7 thoughts on “Wednesday Weapons Website of the Week: WWII after WWII

  1. aGrimm

    Convinced the C-Rats we had in Nam were surplus from WWII. Did some homework…

    C-Ration Pound Cake: The little known history of the pound cake found in the C-Rats’ issued in WWII, Korea and Nam.

    The root of the Pud bush has an extraordinary flavor when properly extracted. It also acts as a preservative. Properly extracting the flavor initially requires that the root be handled carefully to maturity. A younger, firmer root is required as an old, soft root won’t produce the essence. The root is then alternately squeezed and mashed to milk the root’s essence. This can only be done by hand. Made into a cake, this tasty Pud extract flavored cake became known as pound cake due to the rhythmic pounding needed to extract the essence.
    In peacetime the military usually has enough Pud extract on hand by imposing production quotas on the services. The best quality Pud extract is made at the Pentagon. However, during WWII it was difficult to amass enough Pud root extract to make enough pound cake to keep up with soldiers’ demand. Millions of volunteer 4F’s and Army clerks came to the rescue during a rally called “Pound the Pud” day held in San Francisco. San Francisco regularly holds remembrance rallies of this revered outpouring of support for the troops.
    12,500,000 cases of pound cake survived from WWII and with its long shelf life, they were subsequently used in Korea and Nam. In Korea, US Army soldiers particularly liked it frozen and would shape it like a popsicle to remind them of blissful days at home. Many of these vets became successful ice-cream truck entrepreneurs. Vietnam soldiers found that soaking it in the monsoon rains or rice paddies helped to enhance the flavor. This was done by forming the pound cake into the shape of a Dr. Scholl’s pad and inserting it in their boots. Unfortunately due to this practice, a lot of Vietnam vets developed Plantar Tarsal Sole Degeneration (PTSD) which is characterized by a shoe fetish and begging on street corners.
    C-Rat pound cake ages like a fine wine with a bad cork. It goes well with C-Rat peaches and was particularly favored by Army soldiers who would get a rush as the juice dribbled down their chins. It is believed the Marines’ ooo-rah expression was first uttered when two Marine’s first tasted this treat and it became their rhythmic chant when pounding the Pud root prior to making more pound cake. Navy personnel are adept at pounding the Pud root in rhythm with the ship’s engine and remain a major source of Pud extract production even today.
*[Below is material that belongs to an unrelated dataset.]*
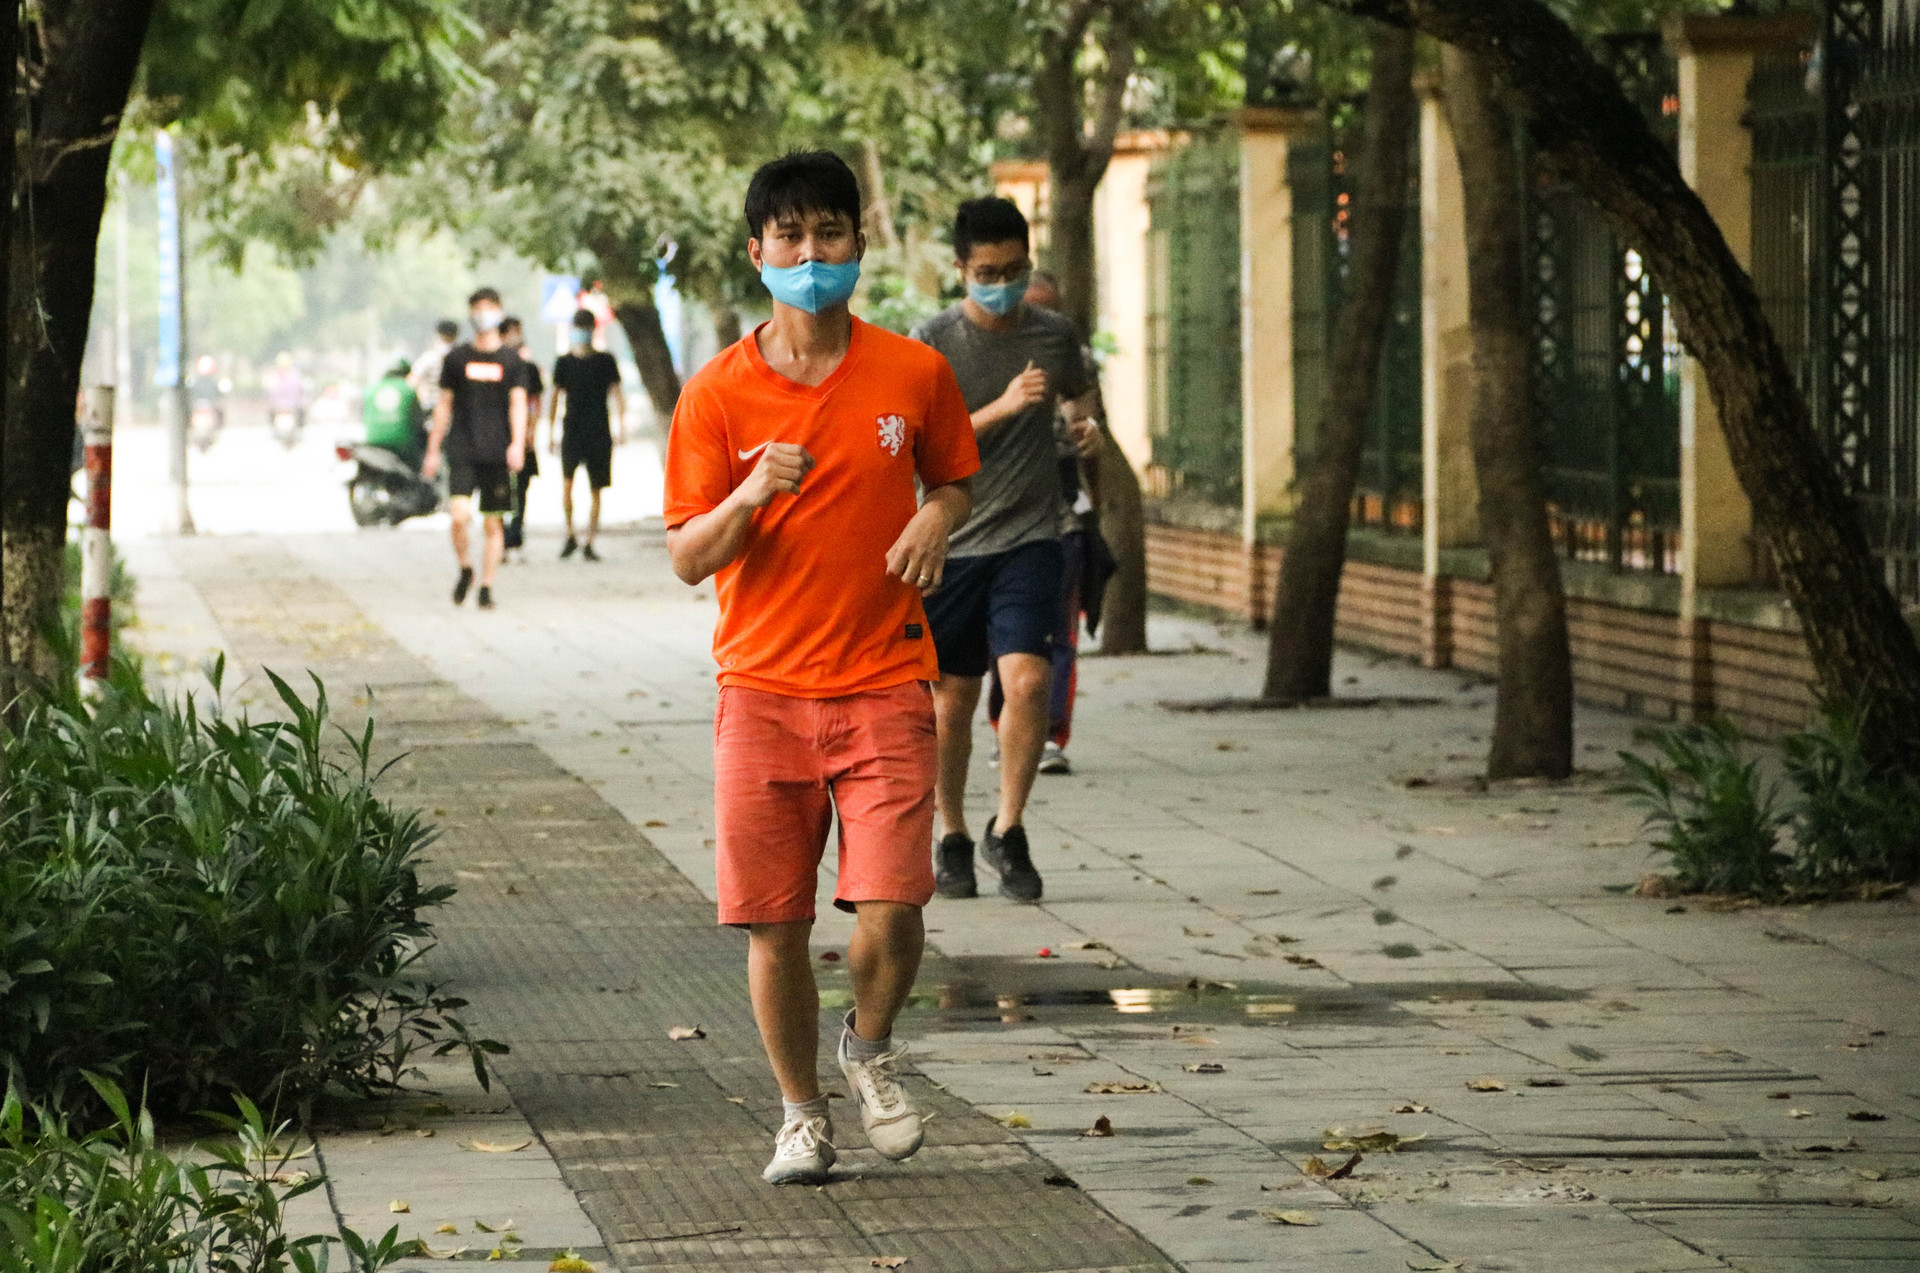 Chùm ảnh: Các tụ điểm công cộng tại Hà Nội dần trở nên đông đúc sau một tuần thực hiện cách ly xã hội - Ảnh 8.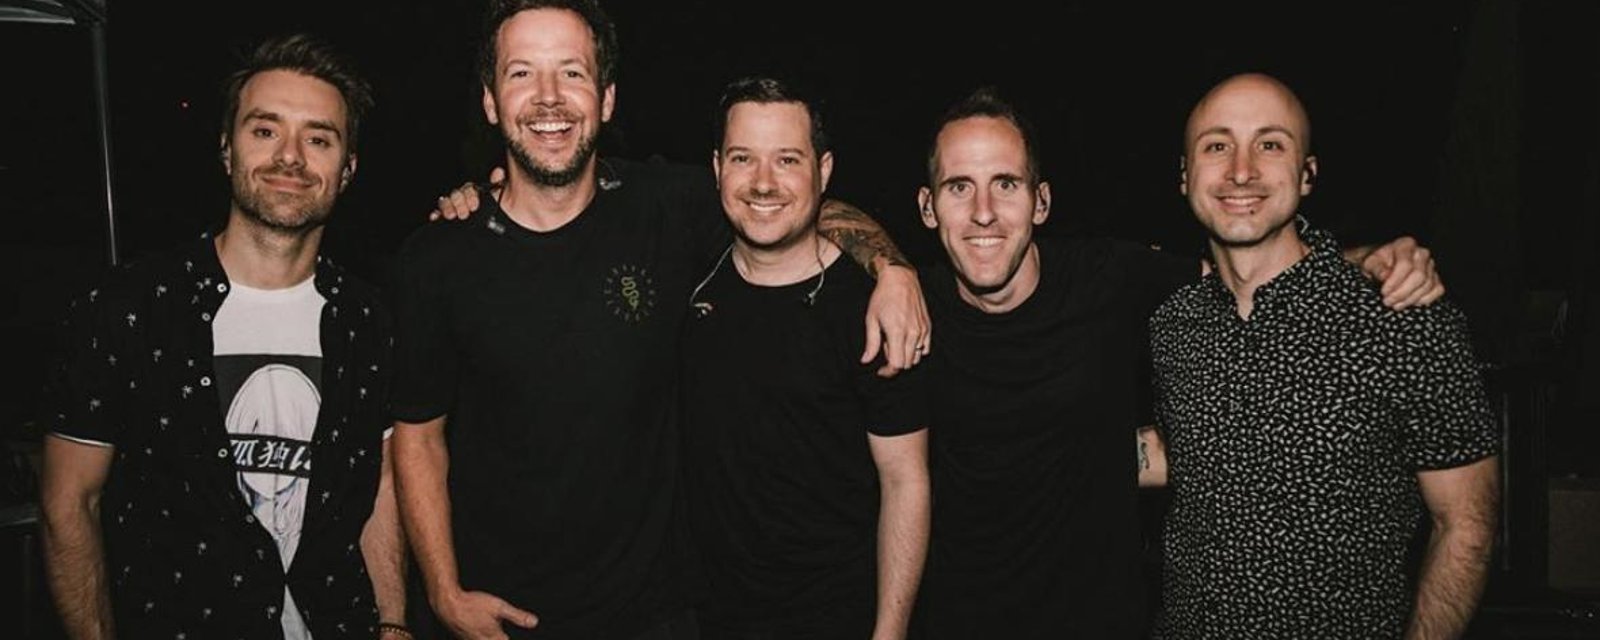 Simple Plan: le bassiste David Desrosiers quitte suite à des allégations et le groupe prend une pause

Strangely, Air force personnel cannot get the hang of pounding the Pud root properly and have poor production levels.
    A recipe is available whereby you can make your own pound cake – and eat it too! Happy Pud pounding.
    Next: the history of Spam

  2. redc1c4

    well, this saves me the trouble of getting around to e-mailing you a link to the page…


  3. Desertrat

    I recall a news article from 1952 or 1953 commenting on a union strike at an ammo manufacturing plant near Texarkana, and a shortage of ammo in Korea. Sorry; don’t recall the details.

  4. Badger

    I’m one of those who included the local Army/Navy store in their (at least) weekly shelf-check; usually more often as, with only a 1-block detour, it was on the foot/bike route home from high school. Oh, the wonders. Thanks for the link & review.